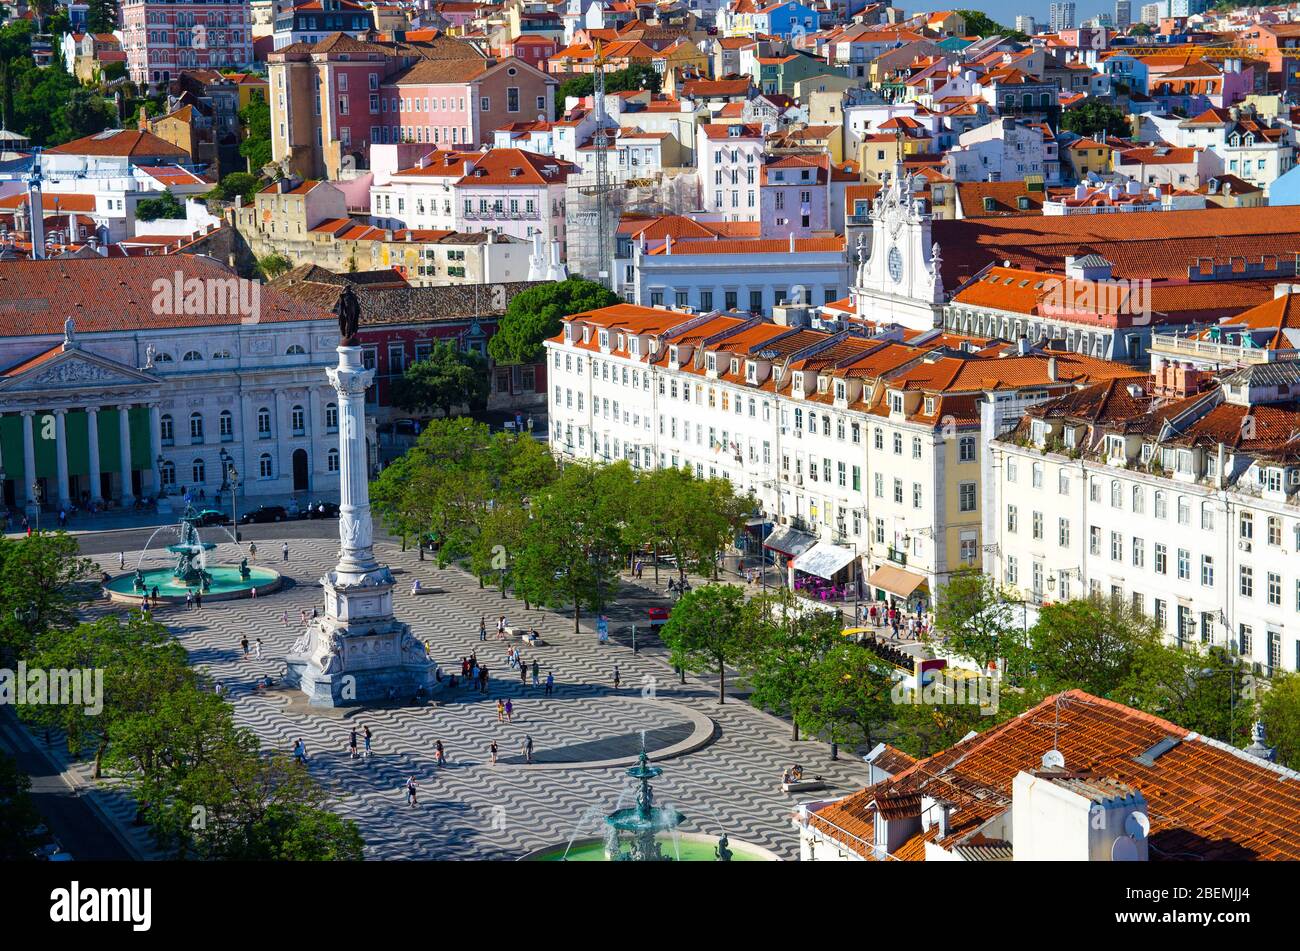 Portugal, Lisbonne, la place centrale principale de la vieille ville, place Rossio en été avec pavé portugais en pierre, grandes fontaines et statue de Dom Pedro I Banque D'Images
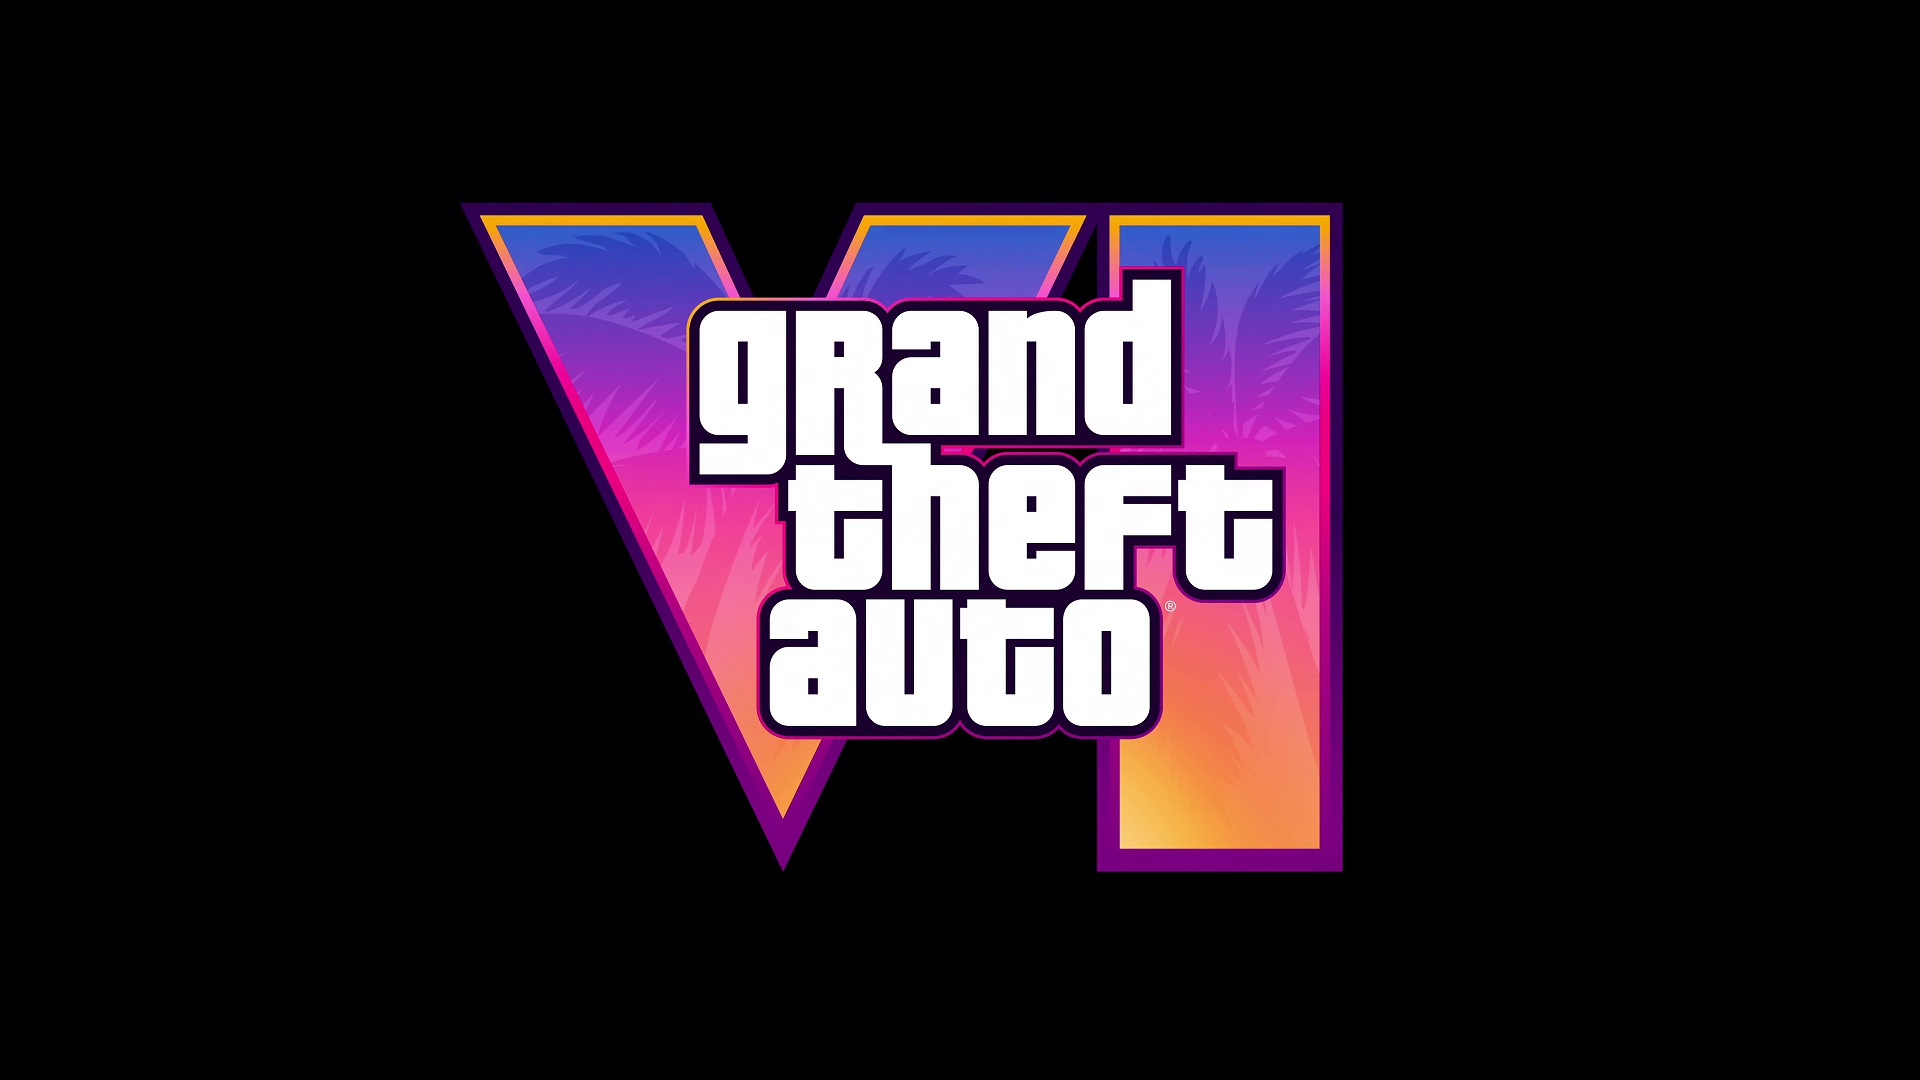 موشکافی اولین تریلر بازی GTA 6: از وایس سیتی جدید تا الهام از داستان واقعی
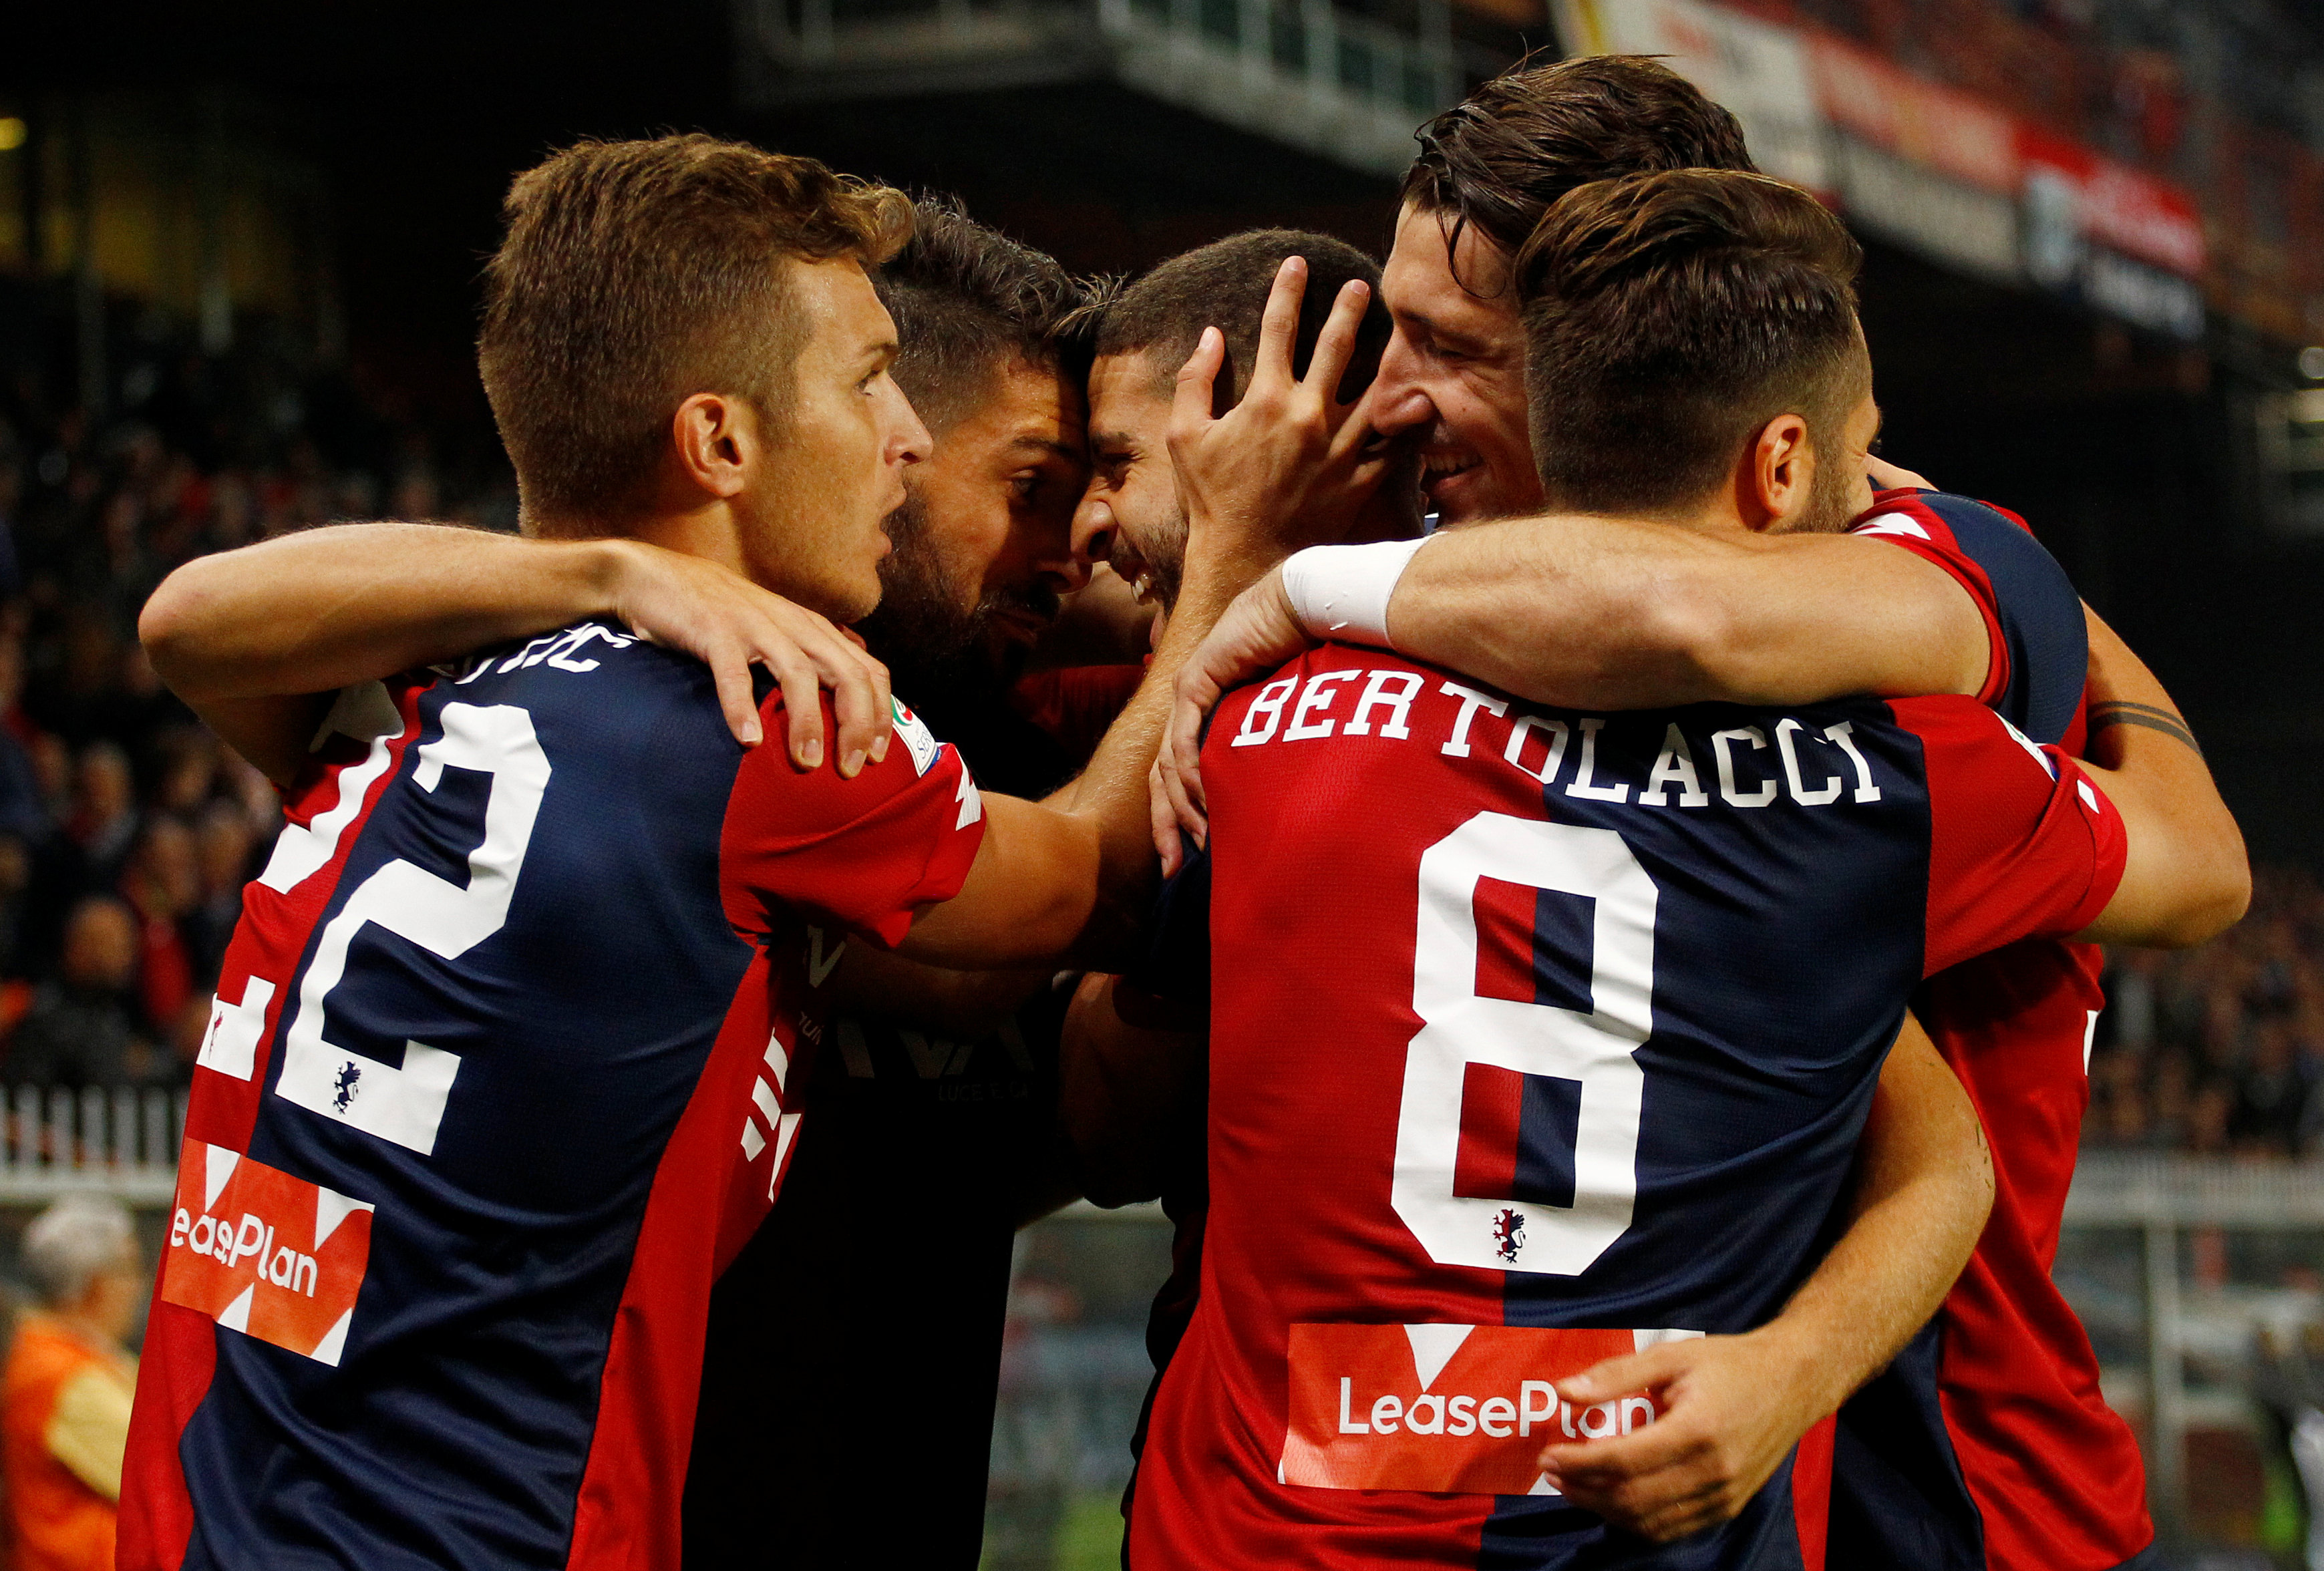 Niềm vui của các cầu thủ Genoa sau khi có bàn mở tỉ số. Ảnh: REUTERS

▶ **Your objective**
Quote the data above in full and without alteration; skip the pictures.

▶ **Exercise response**
 Portugal, Lisbonne, la place centrale principale de la vieille ville, place Rossio en été avec pavé portugais en pierre, grandes fontaines et statue de Dom Pedro I Banque D'Images
 موشکافی اولین تریلر بازی GTA 6: از وایس سیتی جدید تا الهام از داستان واقعی
 Niềm vui của các cầu thủ Genoa sau khi có bàn mở tỉ số. Ảnh: REUTERS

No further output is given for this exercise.